FlagEmbedding is a Python toolkit of AI models that turn text into numbers for fast similarity search, making it easy to build the retrieval layer of an AI assistant that finds relevant documents before answering.

PythonPyTorchHugging Facepipsetup: moderatecomplexity 3/5

FlagEmbedding is a Python toolkit for working with text embeddings and building search and retrieval systems. It is developed by BAAI, the Beijing Academy of Artificial Intelligence. The main product line within this toolkit is a family of models called BGE (short for BAAI General Embedding), which are AI models that convert text into numerical representations. Those numerical representations can then be compared to find documents or passages that are similar in meaning to a query.

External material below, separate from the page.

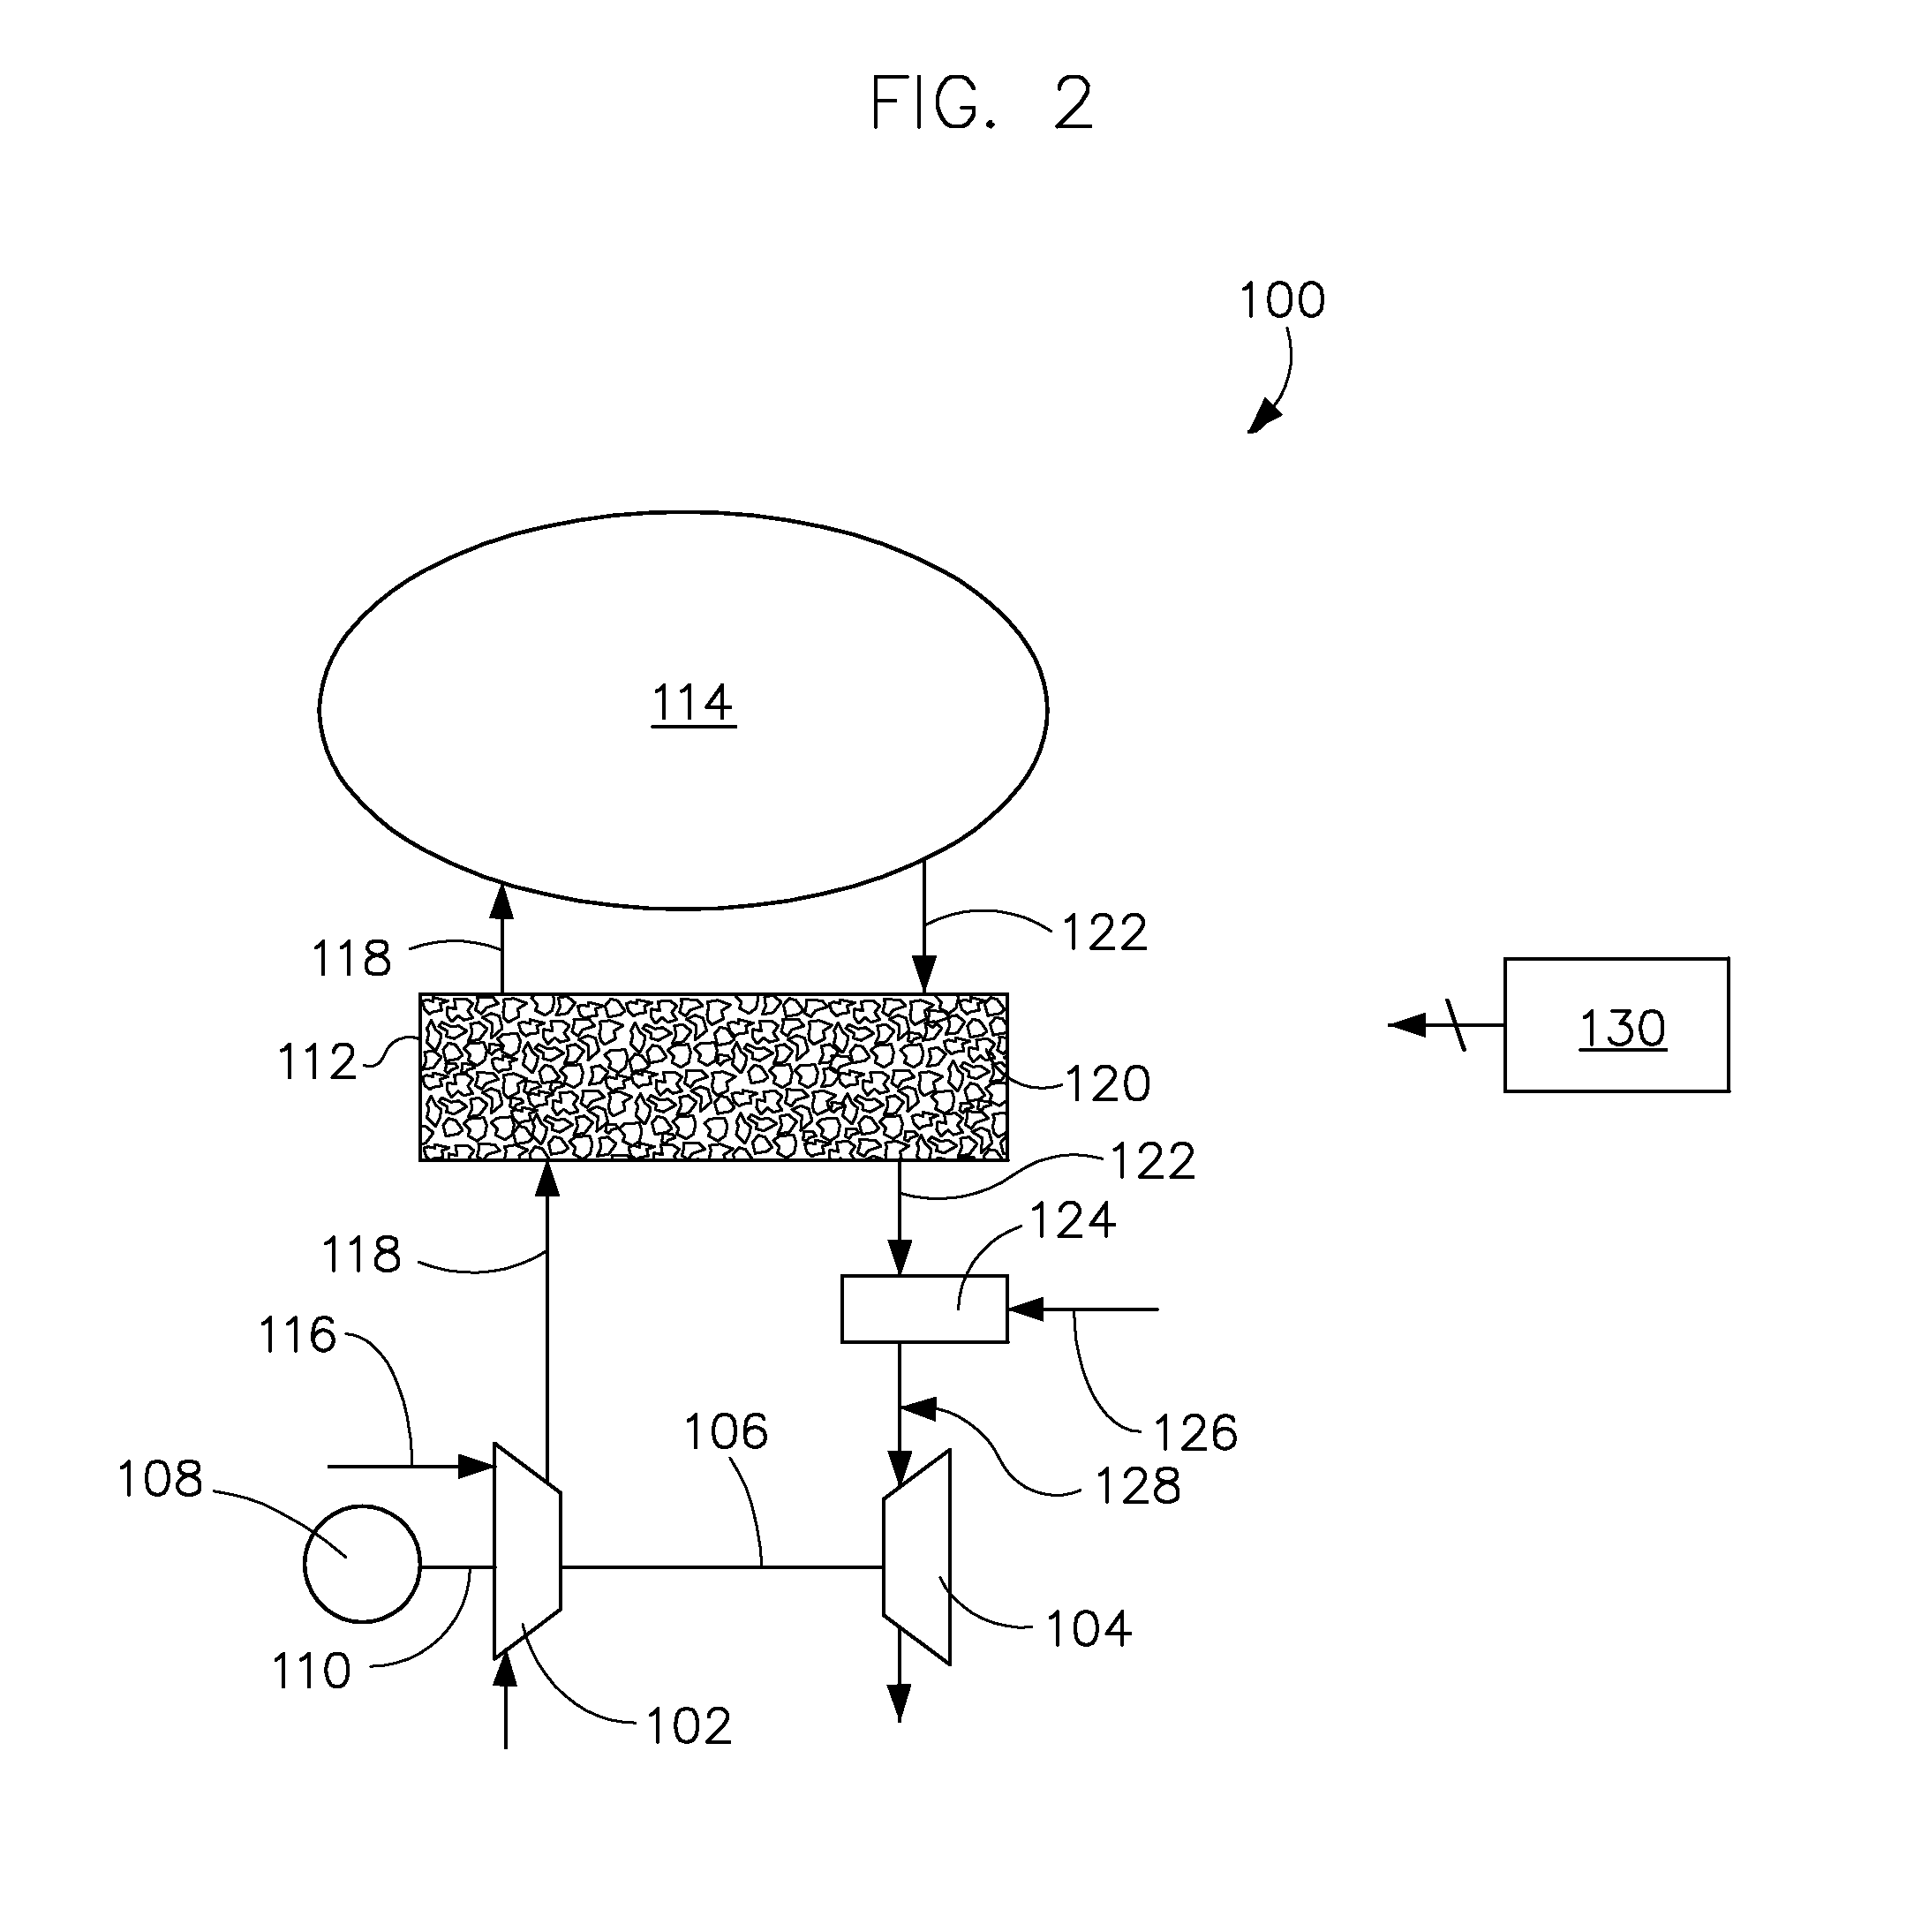 Adiabatic compressed air energy storage system with combustor

The practical use case this toolkit targets is retrieval-augmented generation, often called RAG. In a RAG setup, an AI assistant answers questions by first searching a collection of documents for relevant passages, then using those passages as context when generating an answer. FlagEmbedding provides the search and retrieval layer of that pipeline: the embedding models that find the right documents, and reranker models that reorder the results to surface the most relevant ones first.

The BGE model family has grown considerably since the project launched. It now includes models that handle over 100 languages, models that can process long documents (up to 8,192 tokens of input), models that work with both text and images together, and lightweight variants that use fewer computing resources. There are also reranker models that take the initial search results and score them more carefully to improve the final ranking.

Installing the package requires Python and is done through pip, the standard Python package installer. Once installed, generating an embedding for a piece of text takes a few lines of code. The toolkit is also compatible with popular AI infrastructure tools.

The BGE models are available for download from Hugging Face, a platform where researchers share AI models. The project maintains a leaderboard and benchmark results showing how the models compare to others on standard retrieval evaluation tests. The repository is licensed under MIT, which permits free use for both research and commercial purposes.